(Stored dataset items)
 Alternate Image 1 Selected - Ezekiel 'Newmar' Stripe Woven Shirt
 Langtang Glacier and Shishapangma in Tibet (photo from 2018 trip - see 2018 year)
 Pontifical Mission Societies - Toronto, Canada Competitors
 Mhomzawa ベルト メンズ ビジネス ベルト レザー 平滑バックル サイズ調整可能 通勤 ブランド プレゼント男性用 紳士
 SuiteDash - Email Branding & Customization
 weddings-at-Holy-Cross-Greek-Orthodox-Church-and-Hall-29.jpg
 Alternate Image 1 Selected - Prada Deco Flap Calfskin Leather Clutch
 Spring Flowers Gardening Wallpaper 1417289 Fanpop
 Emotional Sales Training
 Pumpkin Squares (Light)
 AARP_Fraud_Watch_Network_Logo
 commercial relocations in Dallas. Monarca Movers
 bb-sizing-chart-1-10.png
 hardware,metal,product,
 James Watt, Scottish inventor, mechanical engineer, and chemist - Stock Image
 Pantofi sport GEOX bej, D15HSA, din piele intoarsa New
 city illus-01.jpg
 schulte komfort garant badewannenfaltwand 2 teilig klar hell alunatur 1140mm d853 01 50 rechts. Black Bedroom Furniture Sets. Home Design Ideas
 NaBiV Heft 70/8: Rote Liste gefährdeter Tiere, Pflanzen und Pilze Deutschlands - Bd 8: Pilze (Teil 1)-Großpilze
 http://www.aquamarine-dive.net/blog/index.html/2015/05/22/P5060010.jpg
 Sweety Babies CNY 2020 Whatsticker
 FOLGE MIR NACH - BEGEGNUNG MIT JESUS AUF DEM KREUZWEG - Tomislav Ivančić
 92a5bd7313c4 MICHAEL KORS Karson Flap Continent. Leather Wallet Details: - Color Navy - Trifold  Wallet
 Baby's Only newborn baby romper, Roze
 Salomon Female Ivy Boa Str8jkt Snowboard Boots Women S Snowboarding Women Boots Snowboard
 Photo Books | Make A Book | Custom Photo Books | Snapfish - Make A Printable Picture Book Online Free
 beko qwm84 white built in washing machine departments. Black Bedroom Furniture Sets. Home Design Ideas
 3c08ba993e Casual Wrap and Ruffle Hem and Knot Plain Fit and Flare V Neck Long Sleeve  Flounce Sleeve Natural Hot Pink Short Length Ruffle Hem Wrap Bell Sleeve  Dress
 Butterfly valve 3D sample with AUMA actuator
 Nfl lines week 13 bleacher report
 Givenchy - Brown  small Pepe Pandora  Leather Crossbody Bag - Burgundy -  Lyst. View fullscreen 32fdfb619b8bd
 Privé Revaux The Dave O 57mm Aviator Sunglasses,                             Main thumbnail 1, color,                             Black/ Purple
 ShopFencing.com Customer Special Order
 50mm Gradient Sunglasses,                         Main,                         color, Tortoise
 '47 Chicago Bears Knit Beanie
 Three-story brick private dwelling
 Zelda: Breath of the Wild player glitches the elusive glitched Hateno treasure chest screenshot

**EXERCISE DESCRIPTION:**
Down to the last line, copy the entries above exactly.

**RESPONSE:**
 Alternate Image 1 Selected - Ezekiel 'Newmar' Stripe Woven Shirt
 Langtang Glacier and Shishapangma in Tibet (photo from 2018 trip - see 2018 year)
 Pontifical Mission Societies - Toronto, Canada Competitors
 Mhomzawa ベルト メンズ ビジネス ベルト レザー 平滑バックル サイズ調整可能 通勤 ブランド プレゼント男性用 紳士
 SuiteDash - Email Branding & Customization
 weddings-at-Holy-Cross-Greek-Orthodox-Church-and-Hall-29.jpg
 Alternate Image 1 Selected - Prada Deco Flap Calfskin Leather Clutch
 Spring Flowers Gardening Wallpaper 1417289 Fanpop
 Emotional Sales Training
 Pumpkin Squares (Light)
 AARP_Fraud_Watch_Network_Logo
 commercial relocations in Dallas. Monarca Movers
 bb-sizing-chart-1-10.png
 hardware,metal,product,
 James Watt, Scottish inventor, mechanical engineer, and chemist - Stock Image
 Pantofi sport GEOX bej, D15HSA, din piele intoarsa New
 city illus-01.jpg
 schulte komfort garant badewannenfaltwand 2 teilig klar hell alunatur 1140mm d853 01 50 rechts. Black Bedroom Furniture Sets. Home Design Ideas
 NaBiV Heft 70/8: Rote Liste gefährdeter Tiere, Pflanzen und Pilze Deutschlands - Bd 8: Pilze (Teil 1)-Großpilze
 http://www.aquamarine-dive.net/blog/index.html/2015/05/22/P5060010.jpg
 Sweety Babies CNY 2020 Whatsticker
 FOLGE MIR NACH - BEGEGNUNG MIT JESUS AUF DEM KREUZWEG - Tomislav Ivančić
 92a5bd7313c4 MICHAEL KORS Karson Flap Continent. Leather Wallet Details: - Color Navy - Trifold  Wallet
 Baby's Only newborn baby romper, Roze
 Salomon Female Ivy Boa Str8jkt Snowboard Boots Women S Snowboarding Women Boots Snowboard
 Photo Books | Make A Book | Custom Photo Books | Snapfish - Make A Printable Picture Book Online Free
 beko qwm84 white built in washing machine departments. Black Bedroom Furniture Sets. Home Design Ideas
 3c08ba993e Casual Wrap and Ruffle Hem and Knot Plain Fit and Flare V Neck Long Sleeve  Flounce Sleeve Natural Hot Pink Short Length Ruffle Hem Wrap Bell Sleeve  Dress
 Butterfly valve 3D sample with AUMA actuator
 Nfl lines week 13 bleacher report
 Givenchy - Brown  small Pepe Pandora  Leather Crossbody Bag - Burgundy -  Lyst. View fullscreen 32fdfb619b8bd
 Privé Revaux The Dave O 57mm Aviator Sunglasses,                             Main thumbnail 1, color,                             Black/ Purple
 ShopFencing.com Customer Special Order
 50mm Gradient Sunglasses,                         Main,                         color, Tortoise
 '47 Chicago Bears Knit Beanie
 Three-story brick private dwelling
 Zelda: Breath of the Wild player glitches the elusive glitched Hateno treasure chest screenshot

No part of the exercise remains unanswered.